Lettre ouverte à M. Robert Badinter et à ses émotions sélectives

Monsieur, vous allez honorer de votre présence le colloque international commémorant les 20 français morts en Argentine entre 1976 et 1983. Je suis certain que les familles seront très flattées de cette attention.
En revanche, je ne vous ai jamais rencontré lors d’une manifestation commémorative des 3.800 torturés et assassinés entre le 19 mars et le 5 juillet 1962 en Oranie, ni des plus de 80.000 harkis massacrés par le FLN après l’indépendance. Cette indépendance que vous avez souhaitée ardemment.
Je n’ai jamais non plus aperçu votre nom à la suite des nombreux témoignages de personnalités en vue de la 5ème République telles que :
Maurice Allais : « Une des plus grandes ignominies, une des plus grandes hontes de toute l’Histoire de France. »
Raymond Aaron : « Les harkis pour la plupart livrés à la vengeance des vainqueurs sur l’ordre du général de Gaulle lui-même qui, par le verbe, transfigura la défaite et camoufla les horreurs. L’épisode des harkis constitue une des pages honteuses de l’histoire de France comme l’ont été l’instrumentation du statut des juifs ou la rafle du Vel d’Hiv. »
Georges-Marc Benamou : « La France a jeté les harkis dans les basses fosses de l’histoire. Il y a eu plus de 80.000 morts. Paris a systématiquement entravé leur sauvetage. De Gaulle est bel et bien complice d’un crime contre l’humanité. » Paris-Match le 30.10.2003.

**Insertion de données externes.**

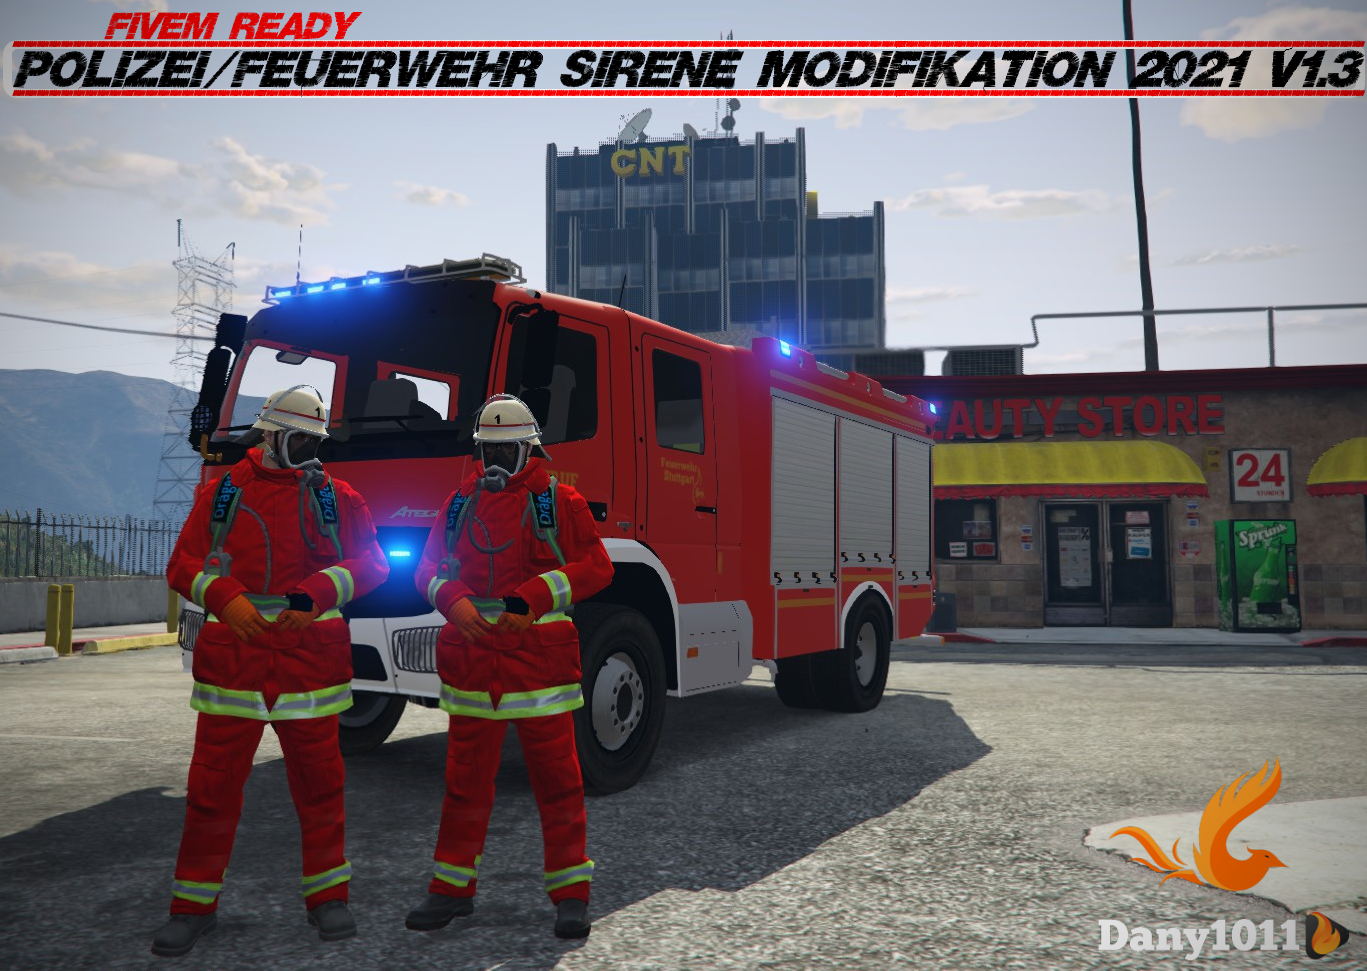 Polizei/Feuerwehr Sirene Modifikation 2021 V1.3.5 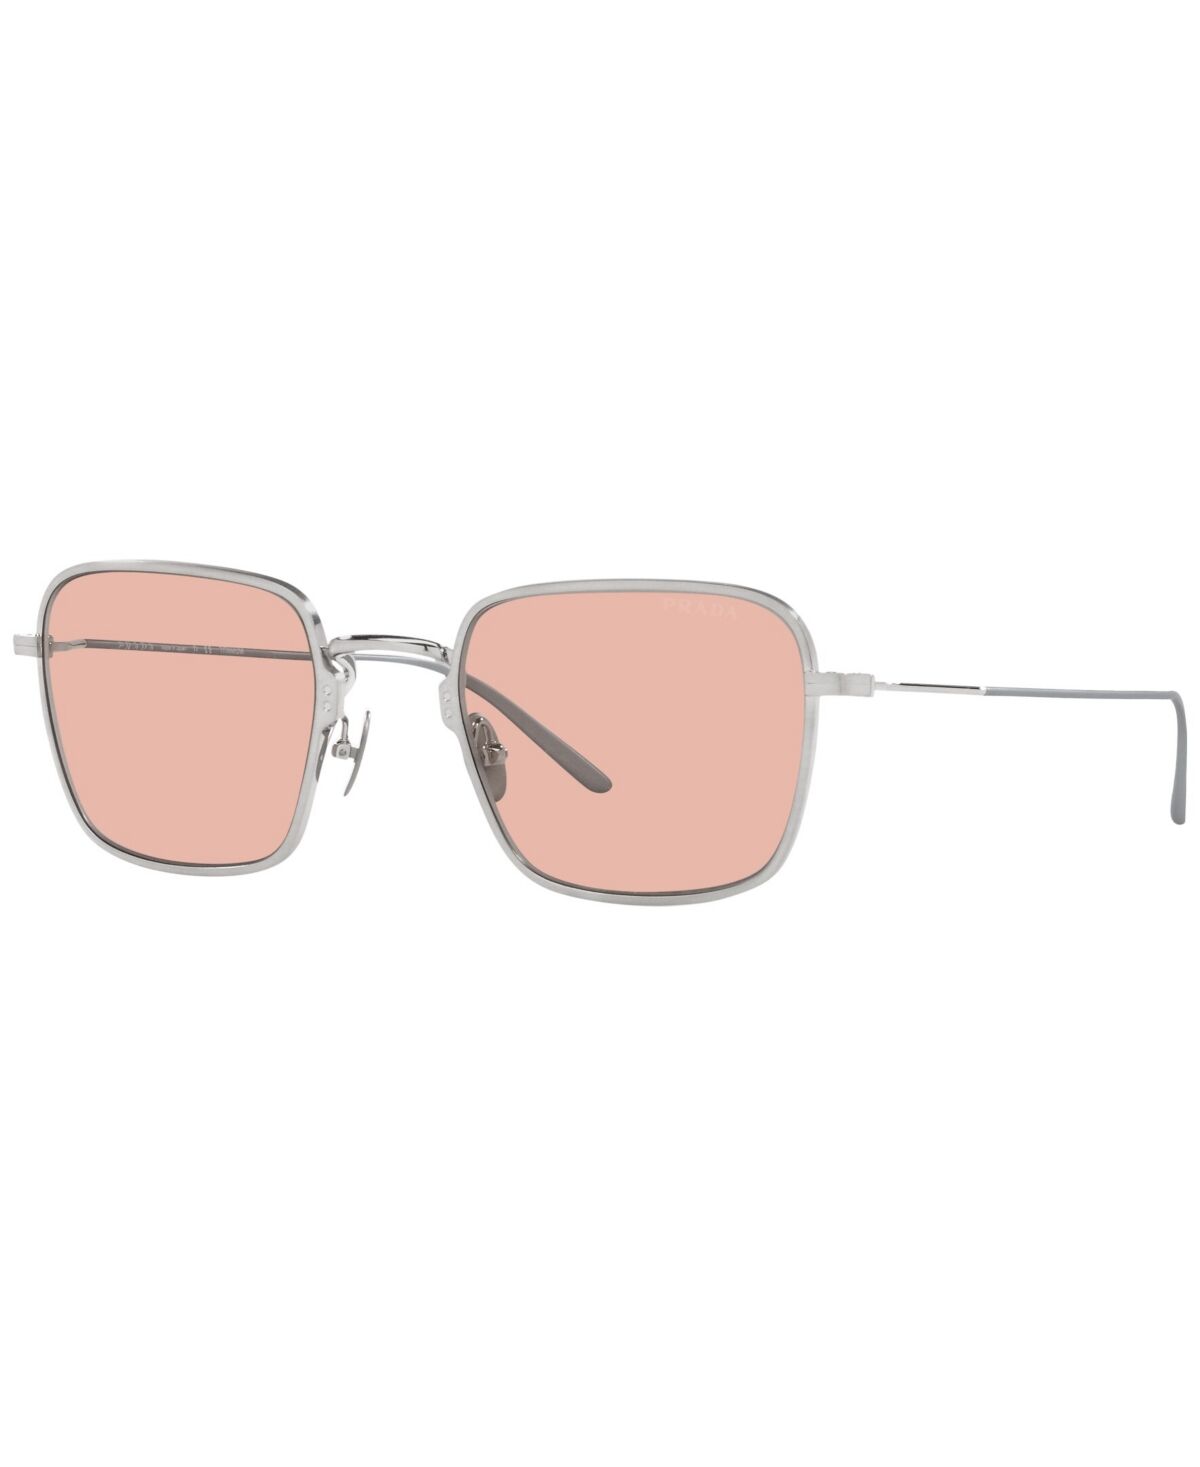 Prada Men's Sunglasses, Pr 54WS 52 - Satin Titanium

Jean Daniel : « De Gaulle a abandonné les harkis : c’est son crime, et le nôtre. » Nouvel Observateur le 15.09.2009.
Et de l’aveu même du président du gouvernement algérien, M. Bouteflika, dans le journal La Croix du 17 juin 2000 : « Nous ne ferons pas les mêmes erreurs qu’en 1962 où, pour un harki, on a éliminé des familles et parfois des villages entiers. »
(Journal Daily Herald – USA) « La France a perdu la notion même de l’honneur. Il est inconcevable que les responsables et les complices de ce génocide se pavanent encore dans les salons, les ministères et les assemblées. »
Le 10 septembre 2001, dans le quotidien Libération, Michel Tubiana, président de la Ligue des Droits de l’Homme, écrivait : « La République a commis en 1962, en Algérie, UN CRIME D’ ÉTAT. En laissant les supplétifs algériens qu’il avait employés, le gouvernement français les a sciemment exposés aux massacres qui ont été commis. Harkis, Mokhaznis, membres des groupes d’autodéfense ou des groupes mobiles de sécurité, notables musulmans, sont massacrés dans des conditions effroyables, aux portes même des casernes où l’armée française reste l’arme au pied. Conformément à certaines clauses contenues dans les « accords d’ Evian », la plupart d’entre eux ont été désarmés, par ordre du gouvernement, comme les 150 harkis d’Edgar Quinet ou ceux de Bou-Hamama, assassinés à Kenchela avec leurs femmes et leurs enfants. Les familles, en effet, n’échappent pas à la vindicte : les bourreaux du FLN valent ceux du FIS aujourd’hui. Des villages entiers subissent aussi la loi du vainqueur. »
Et j’en passe de très nombreux… sauf vous !!
Apparemment, M. Badinter, il y a des morts qui vous déplaisent, celles des condamnés pour crimes de sang, récidive de viols, etc. et celles qui vous plaisent… ou vous laissent indifférent c’est-à-dire celles des Français d’Algérie et des Harkis morts pour ou à cause de la France.